善し悪しの判断はせずに、まずはこの現状を理解し受け入れる。

 

そのうえで考えるべきことは、乖離をなくすことではなく、乖離を見える化し乖離があることを前提にその衝撃を和らげる設計でないかと私は考えるわけです。

つまり、事前に「零れ」を想定し、逃げ道を用意したり行政が直接やらなくていい余白を残すことが必要なのではないかと考えるわけです。

 

ここで今一度まとめます。

正しさと納得の乖離とは、社会が「正しく説明できる」ことと、人が「生きやすいと感じる」ことが別々の論理で動き始めた現象。

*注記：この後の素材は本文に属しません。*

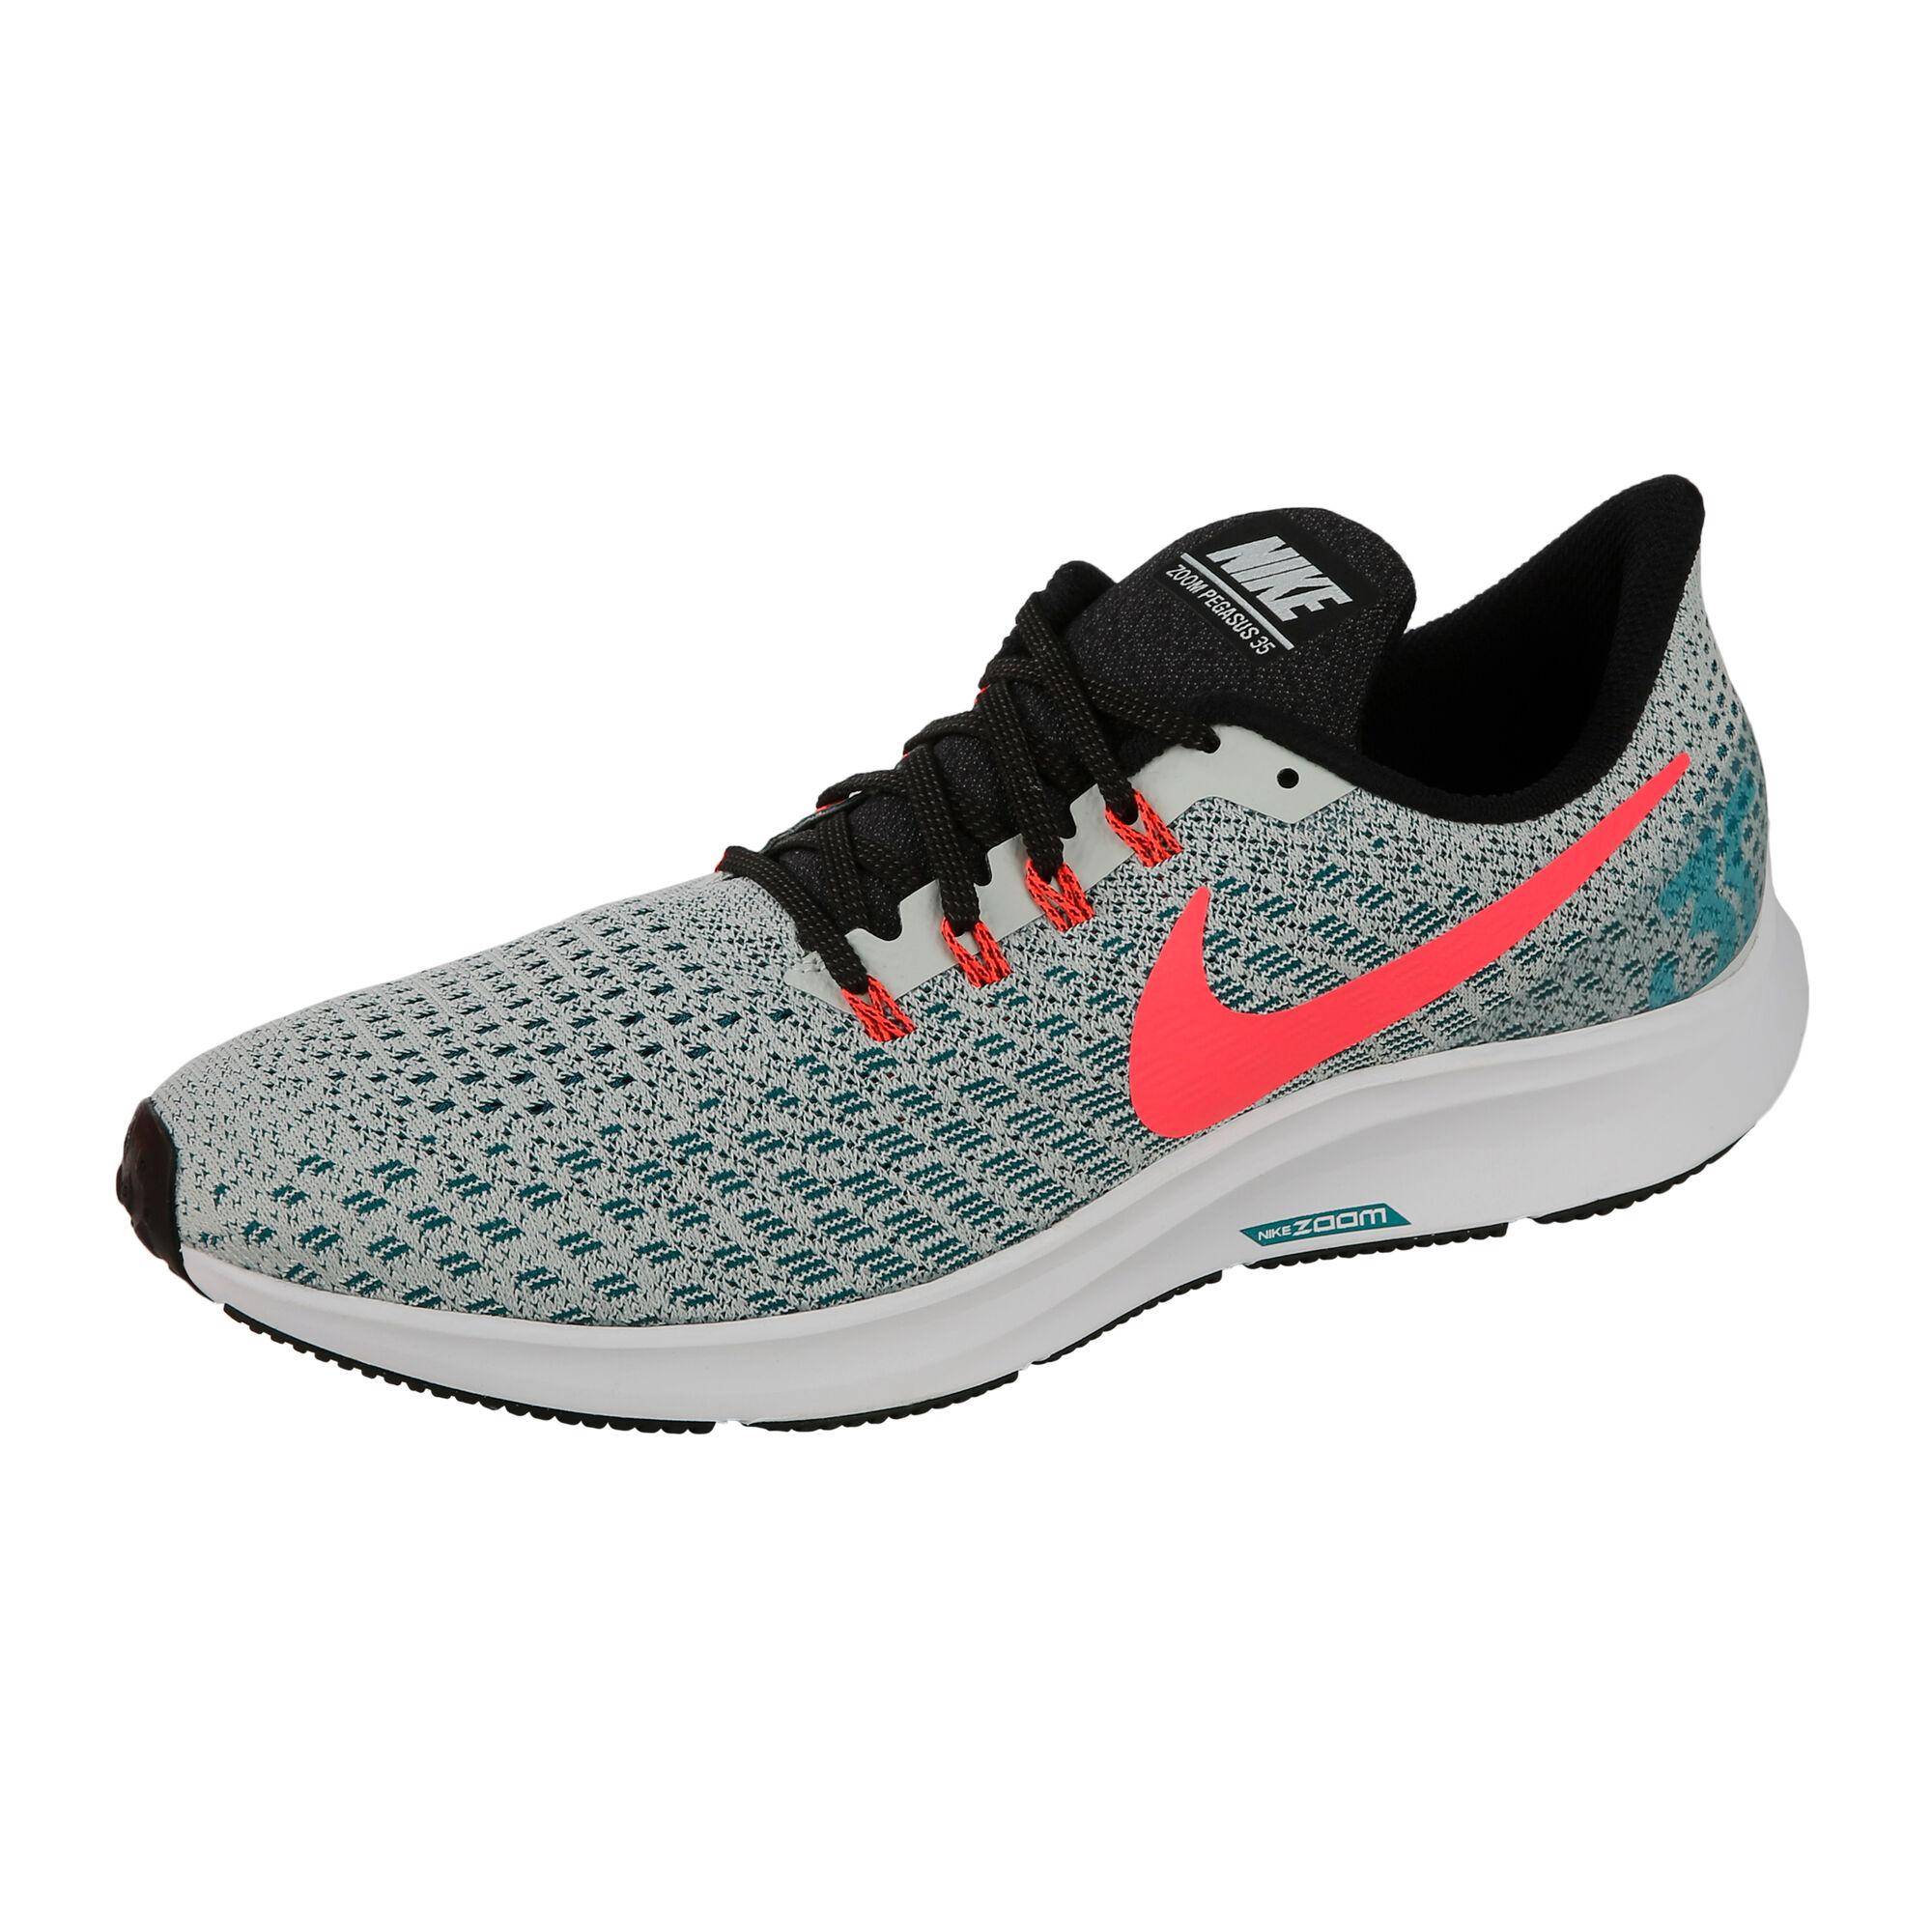 first rate b8a8c 41603 Nike · Nike · Nike · Nike · Nike. Air Zoom Pegasus 35 ...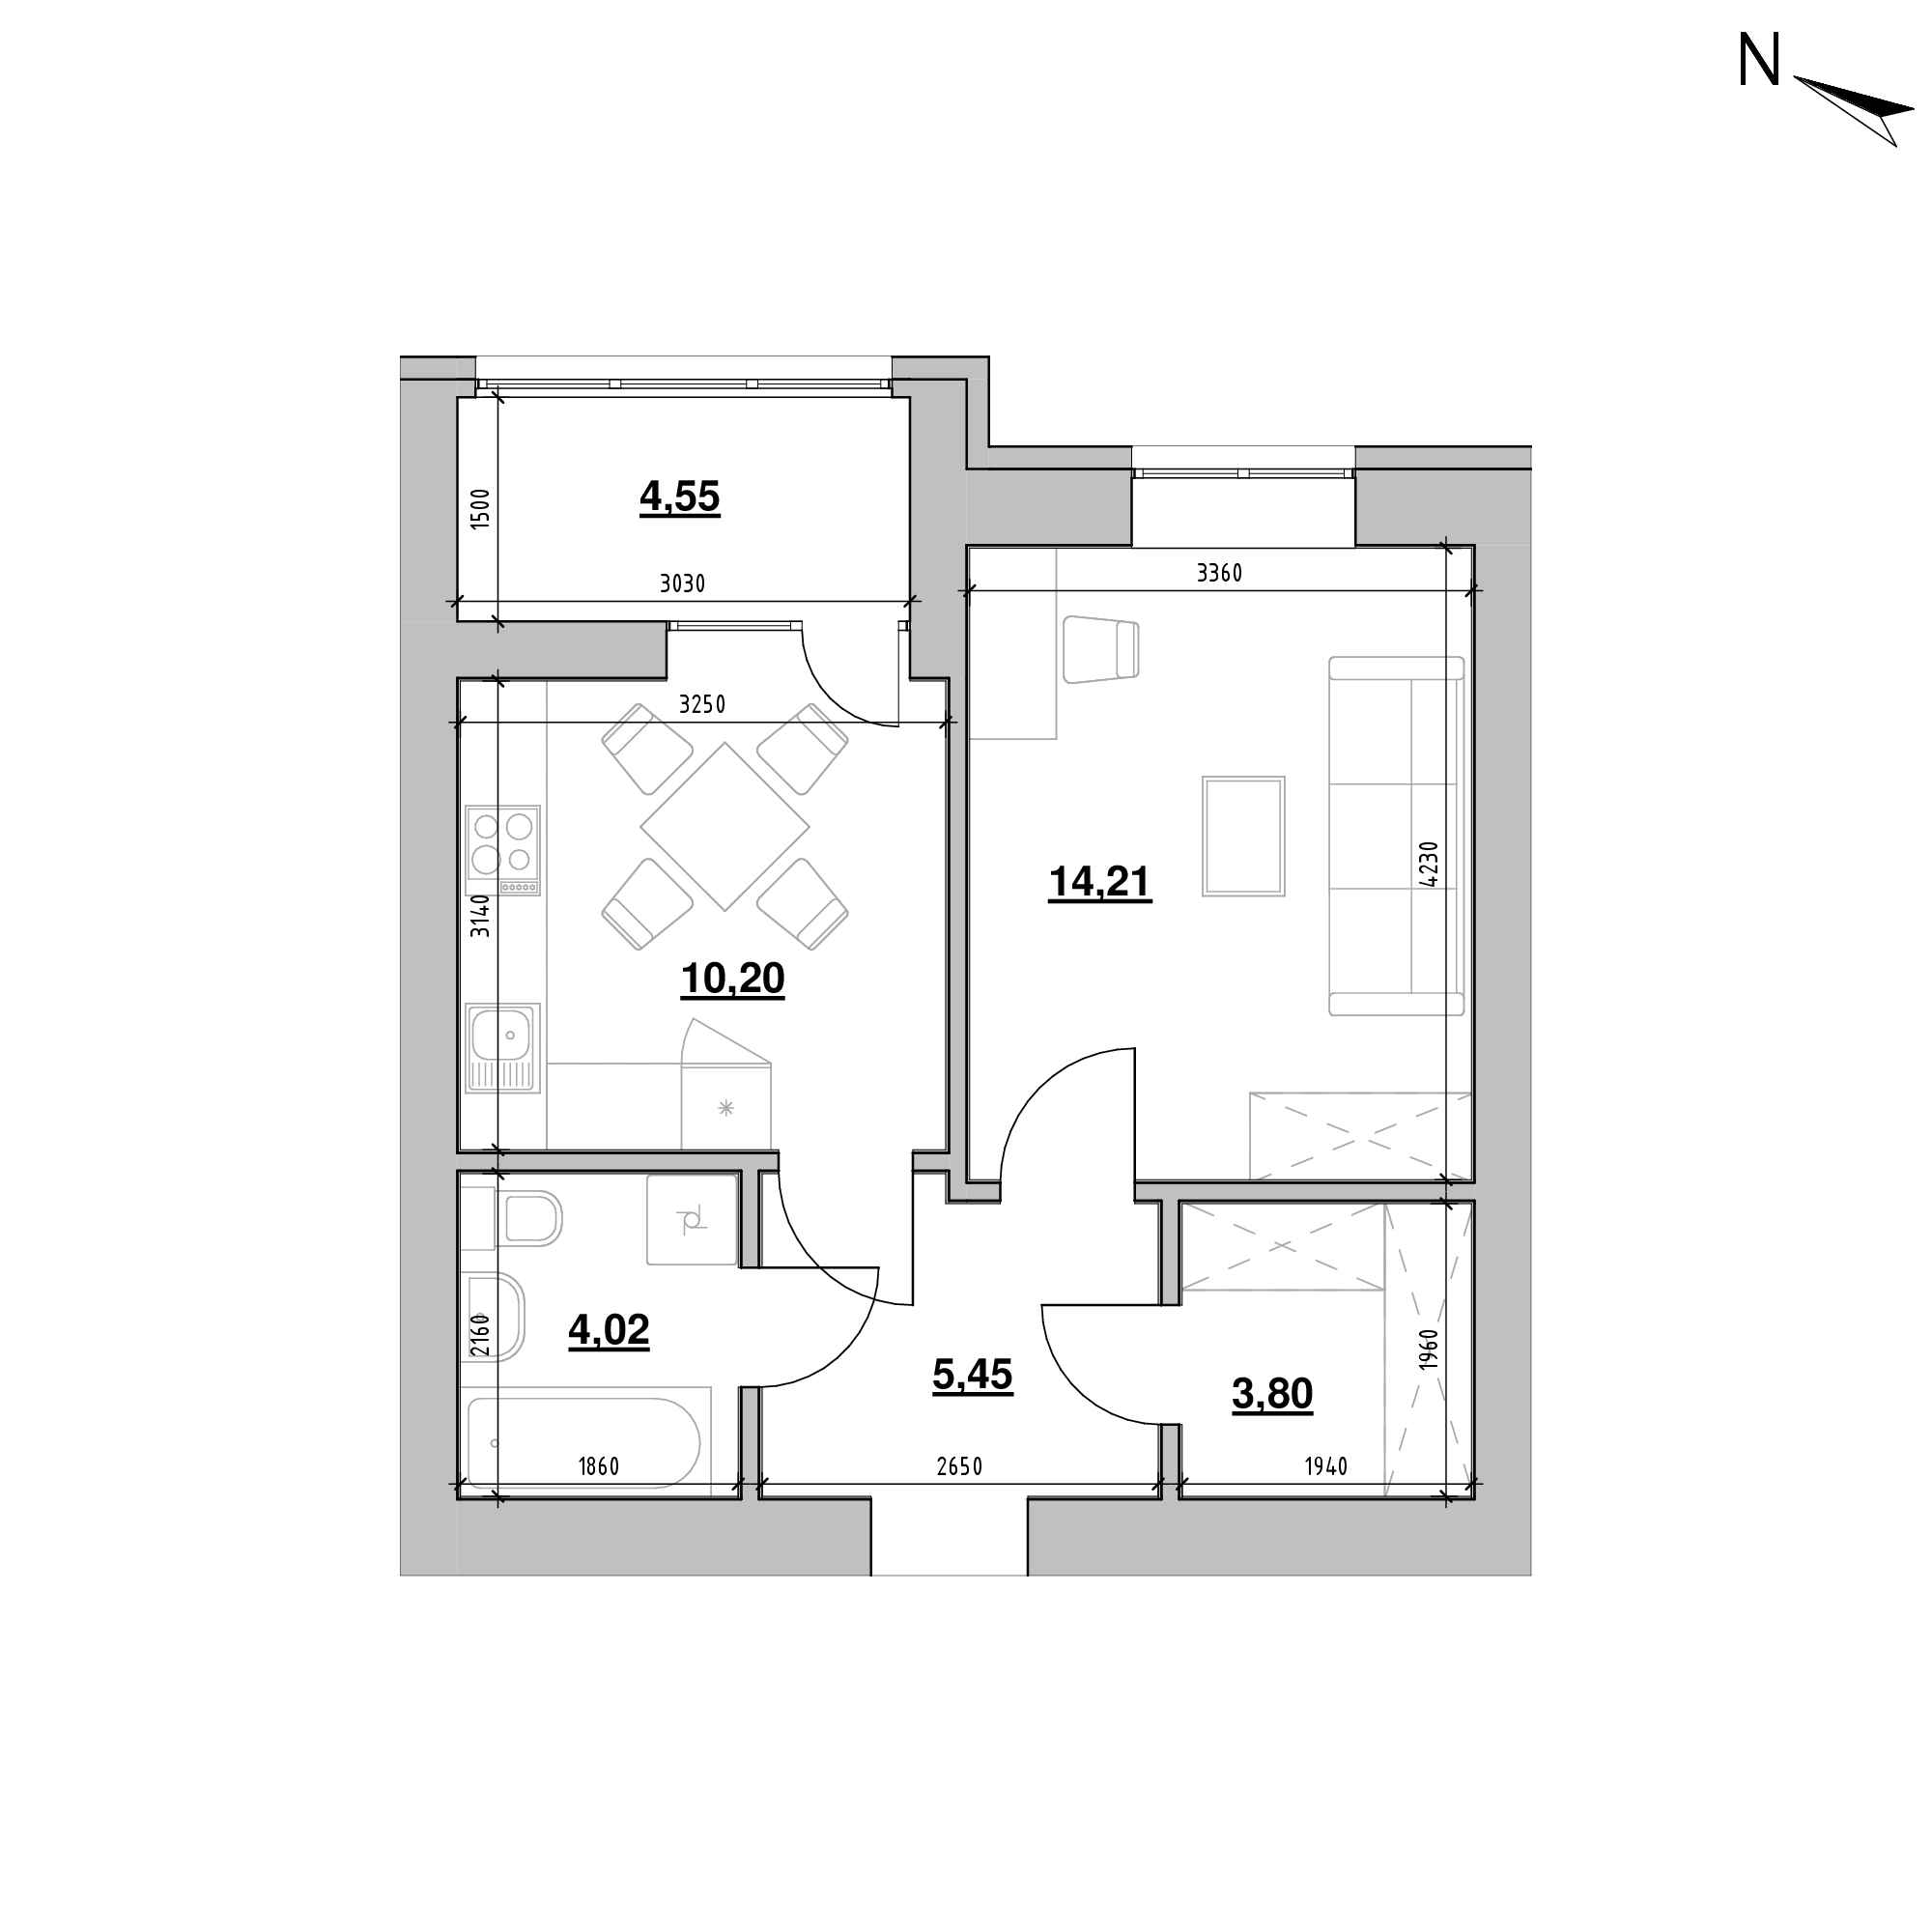 ЖК Шенген: планування 1-кімнатної квартири, №19, 42.23 м<sup>2</sup>

だからこそ、この状況を理解し政策を考えると、“正しさを振りかざさない、しかし曖昧にもならない”という、かなり高度なバランスが取れる。

 

本来、区政における正しさとは、『間違えないこと』ではなく、『壊れないこと』です。

法的に正しい、多数派に支持されている、効率も良い。

それでも社会の接着剤を溶かしてしまうなら、正しさは未完成になります。

現代行政の課題は、説明可能性だけでなく受容可能性を設計すること。

江東区ではこれが実現できるよう、微力ながら無い知恵を絞ってこれからも考え提案していきたいと思います。

最後までお読みいただきありがとうございました。